Exercise material:
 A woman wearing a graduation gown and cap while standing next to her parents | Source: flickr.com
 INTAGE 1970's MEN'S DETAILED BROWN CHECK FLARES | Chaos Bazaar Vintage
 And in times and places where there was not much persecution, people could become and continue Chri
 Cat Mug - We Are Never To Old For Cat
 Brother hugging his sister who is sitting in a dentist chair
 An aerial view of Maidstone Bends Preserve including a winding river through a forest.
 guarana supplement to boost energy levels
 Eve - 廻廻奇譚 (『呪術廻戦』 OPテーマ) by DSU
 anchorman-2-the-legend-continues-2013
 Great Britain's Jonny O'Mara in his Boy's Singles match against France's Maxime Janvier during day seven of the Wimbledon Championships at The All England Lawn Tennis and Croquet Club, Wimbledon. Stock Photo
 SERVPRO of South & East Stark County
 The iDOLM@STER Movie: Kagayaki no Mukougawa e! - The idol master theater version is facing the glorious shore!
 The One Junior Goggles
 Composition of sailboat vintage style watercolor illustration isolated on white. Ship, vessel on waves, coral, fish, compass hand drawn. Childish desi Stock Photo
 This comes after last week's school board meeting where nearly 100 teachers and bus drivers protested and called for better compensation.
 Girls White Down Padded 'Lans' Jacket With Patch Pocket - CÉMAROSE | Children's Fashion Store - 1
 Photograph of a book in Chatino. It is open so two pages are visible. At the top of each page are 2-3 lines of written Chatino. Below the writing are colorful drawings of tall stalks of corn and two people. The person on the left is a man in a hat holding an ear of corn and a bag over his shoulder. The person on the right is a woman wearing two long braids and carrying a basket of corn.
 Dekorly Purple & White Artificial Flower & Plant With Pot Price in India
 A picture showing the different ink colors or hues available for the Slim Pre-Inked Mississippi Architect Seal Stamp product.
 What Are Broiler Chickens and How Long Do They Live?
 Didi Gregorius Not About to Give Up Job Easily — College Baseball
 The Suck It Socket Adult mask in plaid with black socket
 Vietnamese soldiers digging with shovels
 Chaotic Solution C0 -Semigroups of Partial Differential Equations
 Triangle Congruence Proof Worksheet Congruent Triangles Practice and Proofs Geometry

What needs to be done:
The lines to return begin at the first line of the records and end at the line holding "Composition of sailboat"; please return them exactly, including both, and nothing beyond.

Output of the exercise:
 A woman wearing a graduation gown and cap while standing next to her parents | Source: flickr.com
 INTAGE 1970's MEN'S DETAILED BROWN CHECK FLARES | Chaos Bazaar Vintage
 And in times and places where there was not much persecution, people could become and continue Chri
 Cat Mug - We Are Never To Old For Cat
 Brother hugging his sister who is sitting in a dentist chair
 An aerial view of Maidstone Bends Preserve including a winding river through a forest.
 guarana supplement to boost energy levels
 Eve - 廻廻奇譚 (『呪術廻戦』 OPテーマ) by DSU
 anchorman-2-the-legend-continues-2013
 Great Britain's Jonny O'Mara in his Boy's Singles match against France's Maxime Janvier during day seven of the Wimbledon Championships at The All England Lawn Tennis and Croquet Club, Wimbledon. Stock Photo
 SERVPRO of South & East Stark County
 The iDOLM@STER Movie: Kagayaki no Mukougawa e! - The idol master theater version is facing the glorious shore!
 The One Junior Goggles
 Composition of sailboat vintage style watercolor illustration isolated on white. Ship, vessel on waves, coral, fish, compass hand drawn. Childish desi Stock Photo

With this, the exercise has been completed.